10 Dec Hong Kong protesters say 'We'll be back' as police swoop looms

Written by AFP Published in Regional Read 1513 times
Tommy Cheung (2-L) of the Hong Kong Federation of Students (HKFS), Alex Chow (L), leader of HKFS, Joshua Wong (R), leader of secondary school student group Scholarism and Oscar Lai (2-R) of Scholarism are seen at a press conference at the Admiralty camp, occupied by pro-democracy supporters of Occupy Central and the Umbrella Movement for over two months, as seen on the final day before the Hong Kong police and bailiffs intend to clear the major six lane highway back to normal, Hong Kong, China, 10 December 2014. EPA/ALEX HOFFORD Tommy Cheung (2-L) of the Hong Kong Federation of Students (HKFS), Alex Chow (L), leader of HKFS, Joshua Wong (R), leader of secondary school student group Scholarism and Oscar Lai (2-R) of Scholarism are seen at a press conference at the Admiralty camp, occupied by pro-democracy supporters of Occupy Central and the Umbrella Movement for over two months, as seen on the final day before the Hong Kong police and bailiffs intend to clear the major six lane highway back to normal, Hong Kong, China, 10 December 2014. EPA/ALEX HOFFORD

Hong Kong (AFP) - An air of tired resignation hung over Hong Kong's main pro-democracy protest site on December 10 as demonstrators braced for a police clearance after more than two months of rallies, but bright new posters declared "We'll be back".

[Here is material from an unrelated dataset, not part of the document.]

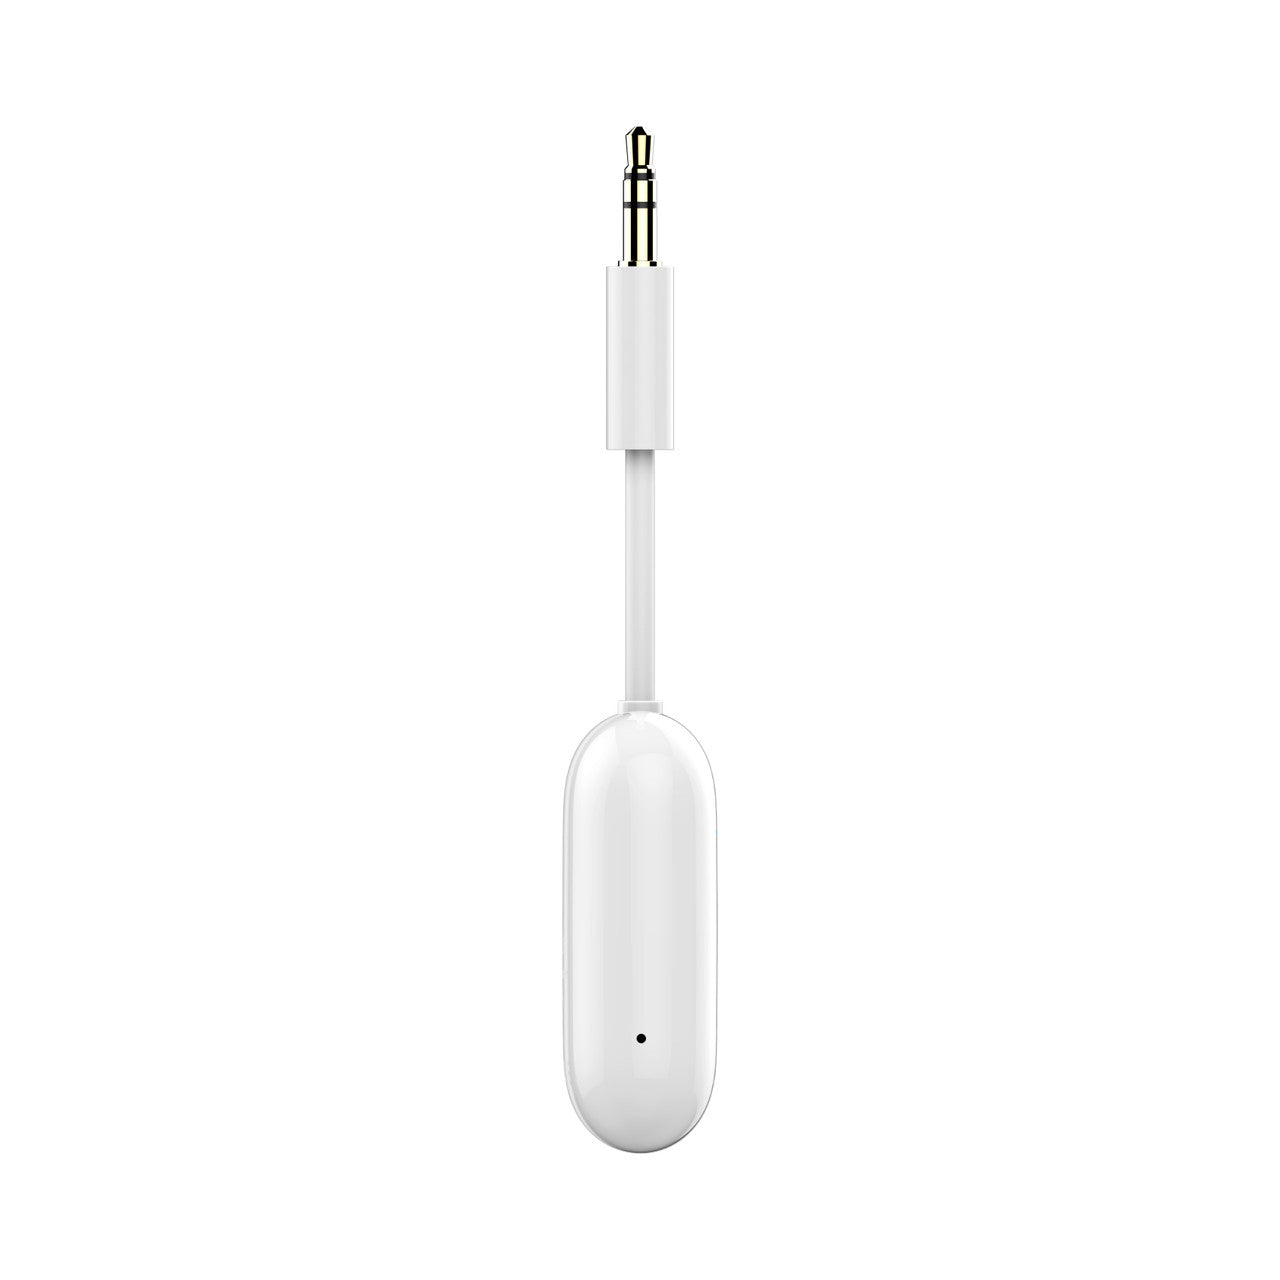 Image of Connect Air In-Flight Wireless Audio Adapter for AirPods.

Police will clear the Admiralty camp on December 11, opening traffic once more on a multi-lane highway through the heart of the business district that has become home to tents, supply stations and artwork by student-led protesters calling for fully free leadership elections.

Authorities have asked protesters to retreat and have said they will take "resolute action" against those who resist in what they say is a bid to restore public order.

Student leaders are also encouraging non-violence.

"We will not call for a new round of occupying, we'll wait and see what the government will do to meet public opinion," said student leader Mr Alex Chow.

Beijing says that candidates in the leadership elections in 2017 will have to be vetted by a loyalist committee, in what protesters have dismissed as "fake democracy".

And new art around the Admiralty site, which has become a creative hub during the protests, made clear the movement was not over.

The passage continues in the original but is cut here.